## WORK ORDER
From the entries below, output the line with "COULEUR: noir 420D" and each following line up to and including the line with "Behind the scenes - into the glacier", exactly as written.

Start of SOURCE INFORMATION

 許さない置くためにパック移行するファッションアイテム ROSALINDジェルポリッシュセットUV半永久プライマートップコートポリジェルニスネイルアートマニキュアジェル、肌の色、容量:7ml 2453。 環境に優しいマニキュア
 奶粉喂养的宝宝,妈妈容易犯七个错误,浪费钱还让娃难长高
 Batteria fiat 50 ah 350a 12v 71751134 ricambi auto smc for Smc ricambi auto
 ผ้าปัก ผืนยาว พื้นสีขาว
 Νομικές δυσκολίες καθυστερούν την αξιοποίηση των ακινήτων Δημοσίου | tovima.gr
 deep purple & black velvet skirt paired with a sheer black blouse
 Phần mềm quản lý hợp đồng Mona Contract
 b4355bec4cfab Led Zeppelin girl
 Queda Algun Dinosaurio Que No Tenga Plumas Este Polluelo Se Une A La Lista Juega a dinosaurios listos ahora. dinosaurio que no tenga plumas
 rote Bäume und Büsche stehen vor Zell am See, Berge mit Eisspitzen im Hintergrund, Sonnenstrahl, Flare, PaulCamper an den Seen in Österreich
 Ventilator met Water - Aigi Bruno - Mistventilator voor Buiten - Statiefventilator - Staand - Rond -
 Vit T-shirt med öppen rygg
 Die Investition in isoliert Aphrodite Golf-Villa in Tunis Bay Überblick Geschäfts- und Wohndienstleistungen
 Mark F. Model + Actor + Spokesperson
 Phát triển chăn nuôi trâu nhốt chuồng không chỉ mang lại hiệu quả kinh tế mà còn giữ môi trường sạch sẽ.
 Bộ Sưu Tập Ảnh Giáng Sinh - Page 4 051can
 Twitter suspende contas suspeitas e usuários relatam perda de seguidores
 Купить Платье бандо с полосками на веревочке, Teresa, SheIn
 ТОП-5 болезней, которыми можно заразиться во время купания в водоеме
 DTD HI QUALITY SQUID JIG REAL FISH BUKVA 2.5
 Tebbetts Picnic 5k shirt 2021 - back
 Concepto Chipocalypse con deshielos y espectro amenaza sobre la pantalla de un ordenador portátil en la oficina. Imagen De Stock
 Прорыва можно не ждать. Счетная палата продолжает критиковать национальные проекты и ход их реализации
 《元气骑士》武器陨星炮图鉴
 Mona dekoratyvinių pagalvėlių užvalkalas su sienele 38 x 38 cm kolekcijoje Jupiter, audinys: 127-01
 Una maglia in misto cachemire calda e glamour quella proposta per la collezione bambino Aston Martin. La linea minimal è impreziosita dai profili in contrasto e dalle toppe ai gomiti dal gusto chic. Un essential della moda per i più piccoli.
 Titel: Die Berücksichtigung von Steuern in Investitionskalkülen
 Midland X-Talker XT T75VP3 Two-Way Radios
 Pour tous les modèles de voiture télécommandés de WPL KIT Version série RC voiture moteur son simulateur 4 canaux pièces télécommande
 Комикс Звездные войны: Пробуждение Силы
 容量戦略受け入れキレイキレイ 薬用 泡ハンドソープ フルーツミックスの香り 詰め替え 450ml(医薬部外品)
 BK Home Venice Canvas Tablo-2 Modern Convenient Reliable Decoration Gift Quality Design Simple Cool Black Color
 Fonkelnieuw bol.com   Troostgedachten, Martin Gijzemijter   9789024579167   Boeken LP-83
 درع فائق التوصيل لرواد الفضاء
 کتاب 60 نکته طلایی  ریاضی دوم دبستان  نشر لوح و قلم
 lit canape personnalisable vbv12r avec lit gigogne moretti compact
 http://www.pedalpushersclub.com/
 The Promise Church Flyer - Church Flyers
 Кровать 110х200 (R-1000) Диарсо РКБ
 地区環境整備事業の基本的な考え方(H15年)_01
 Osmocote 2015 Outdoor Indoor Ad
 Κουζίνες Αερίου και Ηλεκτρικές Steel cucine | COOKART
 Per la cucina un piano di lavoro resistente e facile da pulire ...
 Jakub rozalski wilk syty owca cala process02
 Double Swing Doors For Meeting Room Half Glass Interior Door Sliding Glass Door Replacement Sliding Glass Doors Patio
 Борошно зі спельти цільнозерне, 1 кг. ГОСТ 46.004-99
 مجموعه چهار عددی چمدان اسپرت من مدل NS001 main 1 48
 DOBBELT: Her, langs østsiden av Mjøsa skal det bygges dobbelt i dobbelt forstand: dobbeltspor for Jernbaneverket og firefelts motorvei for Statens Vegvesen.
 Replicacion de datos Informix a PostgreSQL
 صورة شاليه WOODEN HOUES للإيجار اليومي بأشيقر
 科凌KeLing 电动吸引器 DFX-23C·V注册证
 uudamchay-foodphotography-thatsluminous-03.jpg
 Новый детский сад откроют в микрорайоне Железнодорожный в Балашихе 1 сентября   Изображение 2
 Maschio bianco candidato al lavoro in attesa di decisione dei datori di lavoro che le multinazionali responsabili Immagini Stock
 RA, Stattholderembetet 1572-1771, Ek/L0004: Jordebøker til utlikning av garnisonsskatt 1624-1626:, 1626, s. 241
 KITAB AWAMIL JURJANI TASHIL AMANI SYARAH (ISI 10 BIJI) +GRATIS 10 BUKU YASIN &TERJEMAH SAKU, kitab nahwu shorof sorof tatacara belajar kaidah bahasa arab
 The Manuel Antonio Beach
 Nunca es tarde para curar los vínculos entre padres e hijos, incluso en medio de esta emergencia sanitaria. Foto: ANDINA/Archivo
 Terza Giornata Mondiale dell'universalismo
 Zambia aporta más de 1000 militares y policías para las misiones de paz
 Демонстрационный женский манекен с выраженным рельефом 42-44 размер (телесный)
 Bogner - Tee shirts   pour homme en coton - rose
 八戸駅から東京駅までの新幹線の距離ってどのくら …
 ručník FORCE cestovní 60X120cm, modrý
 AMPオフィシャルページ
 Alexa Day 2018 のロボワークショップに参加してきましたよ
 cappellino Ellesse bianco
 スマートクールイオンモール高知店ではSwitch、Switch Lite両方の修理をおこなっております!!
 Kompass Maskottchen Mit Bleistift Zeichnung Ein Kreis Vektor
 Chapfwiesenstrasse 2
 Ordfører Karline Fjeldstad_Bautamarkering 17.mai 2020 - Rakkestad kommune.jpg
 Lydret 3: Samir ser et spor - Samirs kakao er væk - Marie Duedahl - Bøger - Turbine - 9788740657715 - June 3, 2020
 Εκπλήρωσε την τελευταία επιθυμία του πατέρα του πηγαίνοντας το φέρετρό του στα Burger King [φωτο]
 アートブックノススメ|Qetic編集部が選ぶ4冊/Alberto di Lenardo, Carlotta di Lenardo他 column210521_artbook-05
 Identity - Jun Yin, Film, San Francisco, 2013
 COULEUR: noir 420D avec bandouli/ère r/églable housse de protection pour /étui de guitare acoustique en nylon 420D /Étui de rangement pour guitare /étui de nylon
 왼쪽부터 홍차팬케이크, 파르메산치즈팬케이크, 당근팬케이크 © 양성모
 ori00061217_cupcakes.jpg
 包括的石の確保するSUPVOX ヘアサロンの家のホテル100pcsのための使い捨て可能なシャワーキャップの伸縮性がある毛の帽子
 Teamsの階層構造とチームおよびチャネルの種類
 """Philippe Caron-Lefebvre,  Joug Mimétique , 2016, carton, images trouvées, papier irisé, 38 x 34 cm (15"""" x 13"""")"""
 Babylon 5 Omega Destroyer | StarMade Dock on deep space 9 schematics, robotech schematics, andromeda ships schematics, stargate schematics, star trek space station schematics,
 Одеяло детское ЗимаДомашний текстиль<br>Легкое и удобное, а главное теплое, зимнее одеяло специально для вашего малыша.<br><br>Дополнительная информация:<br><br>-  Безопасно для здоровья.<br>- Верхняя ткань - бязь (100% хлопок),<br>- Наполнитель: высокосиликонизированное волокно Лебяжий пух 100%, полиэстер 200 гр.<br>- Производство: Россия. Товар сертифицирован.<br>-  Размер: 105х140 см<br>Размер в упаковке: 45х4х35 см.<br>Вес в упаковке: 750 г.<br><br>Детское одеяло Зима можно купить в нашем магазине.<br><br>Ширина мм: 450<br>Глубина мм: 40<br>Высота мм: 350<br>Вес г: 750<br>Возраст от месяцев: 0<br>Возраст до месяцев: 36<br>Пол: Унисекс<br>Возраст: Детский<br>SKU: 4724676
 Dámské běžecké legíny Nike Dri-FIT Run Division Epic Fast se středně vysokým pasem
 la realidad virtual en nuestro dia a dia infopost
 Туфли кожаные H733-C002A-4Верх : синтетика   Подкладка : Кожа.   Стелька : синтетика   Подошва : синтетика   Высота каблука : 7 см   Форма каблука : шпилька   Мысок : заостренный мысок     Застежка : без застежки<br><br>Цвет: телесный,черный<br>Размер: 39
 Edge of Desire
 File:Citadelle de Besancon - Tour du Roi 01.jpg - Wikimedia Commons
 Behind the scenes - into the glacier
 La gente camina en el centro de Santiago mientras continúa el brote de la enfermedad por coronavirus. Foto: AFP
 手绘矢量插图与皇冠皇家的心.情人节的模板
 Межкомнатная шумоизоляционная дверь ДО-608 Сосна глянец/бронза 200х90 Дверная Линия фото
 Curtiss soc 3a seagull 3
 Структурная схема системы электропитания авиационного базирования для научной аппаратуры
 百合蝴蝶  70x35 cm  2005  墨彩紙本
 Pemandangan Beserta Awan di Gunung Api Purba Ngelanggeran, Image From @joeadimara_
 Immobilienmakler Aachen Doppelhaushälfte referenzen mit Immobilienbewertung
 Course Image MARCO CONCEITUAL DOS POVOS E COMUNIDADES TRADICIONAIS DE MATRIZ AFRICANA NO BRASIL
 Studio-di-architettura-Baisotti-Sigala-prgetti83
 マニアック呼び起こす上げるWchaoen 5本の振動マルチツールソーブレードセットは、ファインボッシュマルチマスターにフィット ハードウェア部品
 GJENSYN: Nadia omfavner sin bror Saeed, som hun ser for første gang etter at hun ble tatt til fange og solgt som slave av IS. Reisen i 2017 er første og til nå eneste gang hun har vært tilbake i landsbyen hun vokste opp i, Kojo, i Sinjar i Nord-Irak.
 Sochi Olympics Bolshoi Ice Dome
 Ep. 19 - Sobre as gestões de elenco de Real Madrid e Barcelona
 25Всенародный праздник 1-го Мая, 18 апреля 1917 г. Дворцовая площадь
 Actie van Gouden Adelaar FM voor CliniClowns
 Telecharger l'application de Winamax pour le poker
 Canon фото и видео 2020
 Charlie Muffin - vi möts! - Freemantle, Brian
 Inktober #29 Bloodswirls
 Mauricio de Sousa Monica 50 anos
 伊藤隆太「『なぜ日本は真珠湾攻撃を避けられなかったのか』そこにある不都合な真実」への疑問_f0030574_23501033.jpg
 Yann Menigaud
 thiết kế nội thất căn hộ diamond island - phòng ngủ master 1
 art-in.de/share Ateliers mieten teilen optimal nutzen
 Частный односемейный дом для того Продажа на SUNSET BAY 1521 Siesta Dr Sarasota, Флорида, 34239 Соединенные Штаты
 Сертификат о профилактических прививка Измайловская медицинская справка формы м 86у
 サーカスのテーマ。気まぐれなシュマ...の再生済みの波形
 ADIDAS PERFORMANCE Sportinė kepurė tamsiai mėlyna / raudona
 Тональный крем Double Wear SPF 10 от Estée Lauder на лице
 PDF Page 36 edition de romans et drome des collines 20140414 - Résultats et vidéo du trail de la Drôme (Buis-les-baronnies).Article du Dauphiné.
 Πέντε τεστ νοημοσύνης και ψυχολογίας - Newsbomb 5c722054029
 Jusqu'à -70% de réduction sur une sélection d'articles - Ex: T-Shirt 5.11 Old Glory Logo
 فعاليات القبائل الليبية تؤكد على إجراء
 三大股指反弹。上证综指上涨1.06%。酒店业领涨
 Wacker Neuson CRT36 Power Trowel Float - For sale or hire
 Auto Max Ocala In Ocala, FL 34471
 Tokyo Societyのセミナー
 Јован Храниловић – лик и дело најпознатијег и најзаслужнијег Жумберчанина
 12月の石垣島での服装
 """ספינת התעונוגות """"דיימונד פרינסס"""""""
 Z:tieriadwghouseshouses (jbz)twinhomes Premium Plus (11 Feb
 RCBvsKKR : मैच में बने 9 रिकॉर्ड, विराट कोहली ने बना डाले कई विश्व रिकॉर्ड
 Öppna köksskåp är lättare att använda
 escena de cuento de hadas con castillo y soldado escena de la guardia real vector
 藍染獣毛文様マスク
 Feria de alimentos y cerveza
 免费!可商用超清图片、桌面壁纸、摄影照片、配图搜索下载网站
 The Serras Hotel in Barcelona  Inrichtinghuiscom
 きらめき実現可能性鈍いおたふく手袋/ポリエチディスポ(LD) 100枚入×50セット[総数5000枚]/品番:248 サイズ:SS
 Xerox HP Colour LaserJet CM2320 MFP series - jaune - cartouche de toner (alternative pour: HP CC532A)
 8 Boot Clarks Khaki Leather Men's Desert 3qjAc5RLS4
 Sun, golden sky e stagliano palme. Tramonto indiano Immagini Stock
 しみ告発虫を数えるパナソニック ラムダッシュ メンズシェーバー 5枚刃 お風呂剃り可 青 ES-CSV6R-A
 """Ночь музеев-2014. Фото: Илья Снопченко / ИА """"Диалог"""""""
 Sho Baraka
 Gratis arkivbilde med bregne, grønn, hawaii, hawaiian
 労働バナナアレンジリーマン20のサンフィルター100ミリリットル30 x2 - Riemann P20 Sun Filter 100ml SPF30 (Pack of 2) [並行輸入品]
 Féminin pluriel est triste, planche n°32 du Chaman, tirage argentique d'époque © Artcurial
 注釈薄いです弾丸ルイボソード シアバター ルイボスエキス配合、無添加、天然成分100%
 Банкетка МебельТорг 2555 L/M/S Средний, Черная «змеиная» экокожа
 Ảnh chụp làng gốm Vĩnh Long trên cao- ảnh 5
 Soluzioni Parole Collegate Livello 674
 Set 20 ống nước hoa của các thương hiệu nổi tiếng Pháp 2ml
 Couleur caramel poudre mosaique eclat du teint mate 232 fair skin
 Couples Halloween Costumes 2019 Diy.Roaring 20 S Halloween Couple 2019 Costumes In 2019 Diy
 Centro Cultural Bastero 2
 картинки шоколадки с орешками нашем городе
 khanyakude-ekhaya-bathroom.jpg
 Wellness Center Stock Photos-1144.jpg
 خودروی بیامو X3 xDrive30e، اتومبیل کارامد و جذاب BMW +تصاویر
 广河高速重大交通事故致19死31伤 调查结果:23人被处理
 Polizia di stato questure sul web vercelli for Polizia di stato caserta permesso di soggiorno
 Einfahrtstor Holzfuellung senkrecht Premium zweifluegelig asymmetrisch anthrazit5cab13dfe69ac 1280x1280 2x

End of SOURCE INFORMATION

## YOUR SOLUTION
 COULEUR: noir 420D avec bandouli/ère r/églable housse de protection pour /étui de guitare acoustique en nylon 420D /Étui de rangement pour guitare /étui de nylon
 왼쪽부터 홍차팬케이크, 파르메산치즈팬케이크, 당근팬케이크 © 양성모
 ori00061217_cupcakes.jpg
 包括的石の確保するSUPVOX ヘアサロンの家のホテル100pcsのための使い捨て可能なシャワーキャップの伸縮性がある毛の帽子
 Teamsの階層構造とチームおよびチャネルの種類
 """Philippe Caron-Lefebvre,  Joug Mimétique , 2016, carton, images trouvées, papier irisé, 38 x 34 cm (15"""" x 13"""")"""
 Babylon 5 Omega Destroyer | StarMade Dock on deep space 9 schematics, robotech schematics, andromeda ships schematics, stargate schematics, star trek space station schematics,
 Одеяло детское ЗимаДомашний текстиль<br>Легкое и удобное, а главное теплое, зимнее одеяло специально для вашего малыша.<br><br>Дополнительная информация:<br><br>-  Безопасно для здоровья.<br>- Верхняя ткань - бязь (100% хлопок),<br>- Наполнитель: высокосиликонизированное волокно Лебяжий пух 100%, полиэстер 200 гр.<br>- Производство: Россия. Товар сертифицирован.<br>-  Размер: 105х140 см<br>Размер в упаковке: 45х4х35 см.<br>Вес в упаковке: 750 г.<br><br>Детское одеяло Зима можно купить в нашем магазине.<br><br>Ширина мм: 450<br>Глубина мм: 40<br>Высота мм: 350<br>Вес г: 750<br>Возраст от месяцев: 0<br>Возраст до месяцев: 36<br>Пол: Унисекс<br>Возраст: Детский<br>SKU: 4724676
 Dámské běžecké legíny Nike Dri-FIT Run Division Epic Fast se středně vysokým pasem
 la realidad virtual en nuestro dia a dia infopost
 Туфли кожаные H733-C002A-4Верх : синтетика   Подкладка : Кожа.   Стелька : синтетика   Подошва : синтетика   Высота каблука : 7 см   Форма каблука : шпилька   Мысок : заостренный мысок     Застежка : без застежки<br><br>Цвет: телесный,черный<br>Размер: 39
 Edge of Desire
 File:Citadelle de Besancon - Tour du Roi 01.jpg - Wikimedia Commons
 Behind the scenes - into the glacier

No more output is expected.